Yes, I agree, 10000%.

you need to acknowledge the role you took on as an “expert on Upstart” on this board and what it means to others.
No.
I didn’t take on any role or responsibility. Clearly, I can’t stop anyone from thinking that way. Did we forget that this is a free public internet forum that anybody can read or sign up to post within the confines of the rules? If a bad outcome happens to you, you are freely welcome to blame others in order to feel better about whatever choice you made, but that doesn’t change the fact that your decisions were always yours alone and the only person you can ever hold accountable is yourself.

I am not anybody special. I am as regular a person you could ever meet. I have said several times before, I have zero tech or finance background.
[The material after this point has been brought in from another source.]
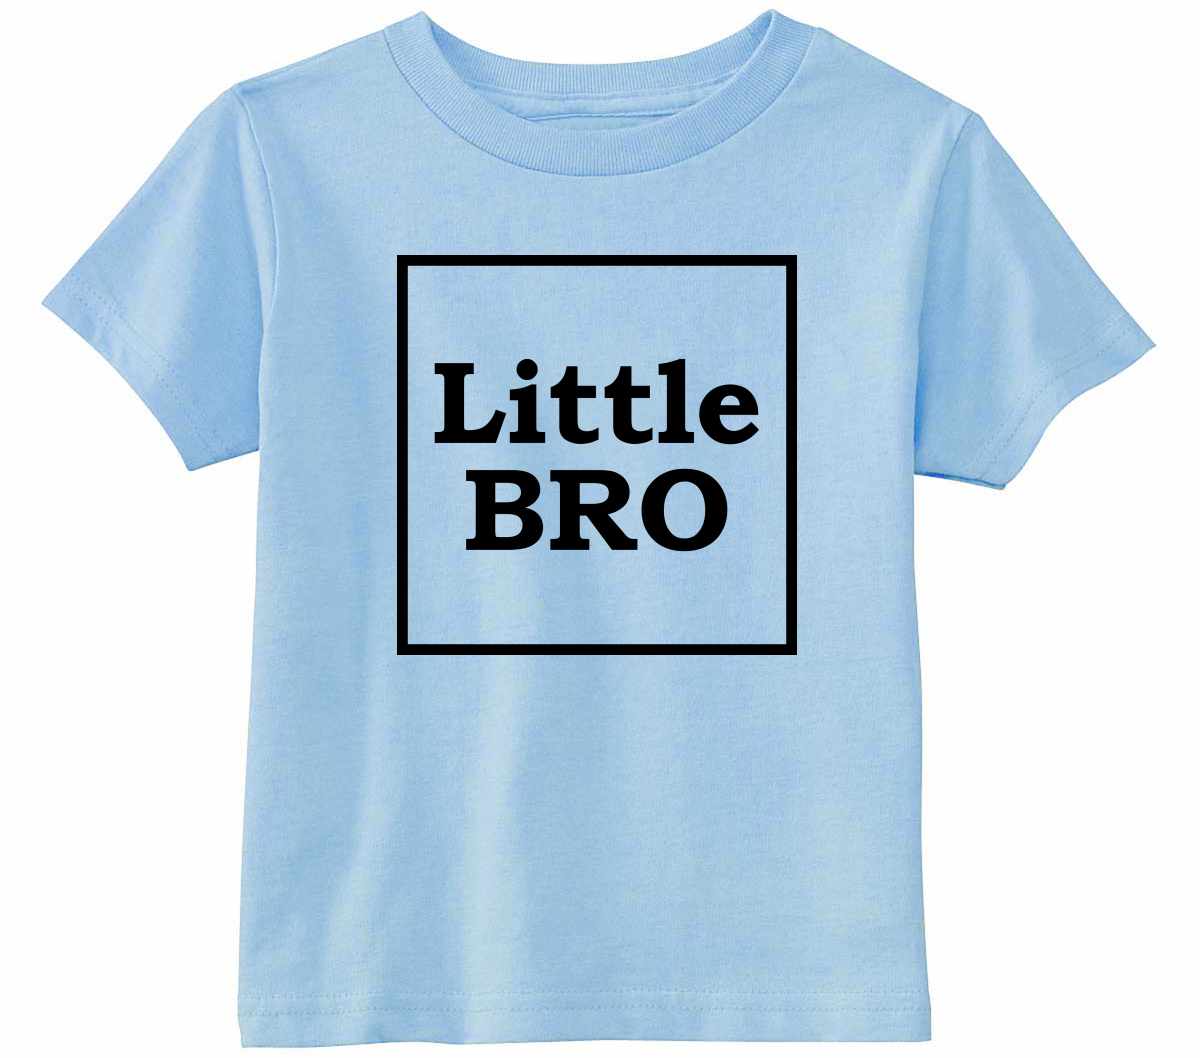 Little Bro on Infant-Toddler T-Shirt

I’m also pretty much a newbie here, having discovered this place back in May or June of last year. And no, I am not a wedbush analyst.

I don’t come to Saul’s board looking for an echo chamber. I know I am wrong often and that’s exactly why I post, even if I spent lots of time doing the research behind what I write. When I submit my analysis and opinions, I am looking for others to scrutinize the same batch of publicly available information and hope they will craft a well-thought out response (that is similar to the same effort I put into my posts) to convince me that I am right or wrong about something. For example, recently this board helped persuade me that my thoughts about ZoomInfo were incorrect.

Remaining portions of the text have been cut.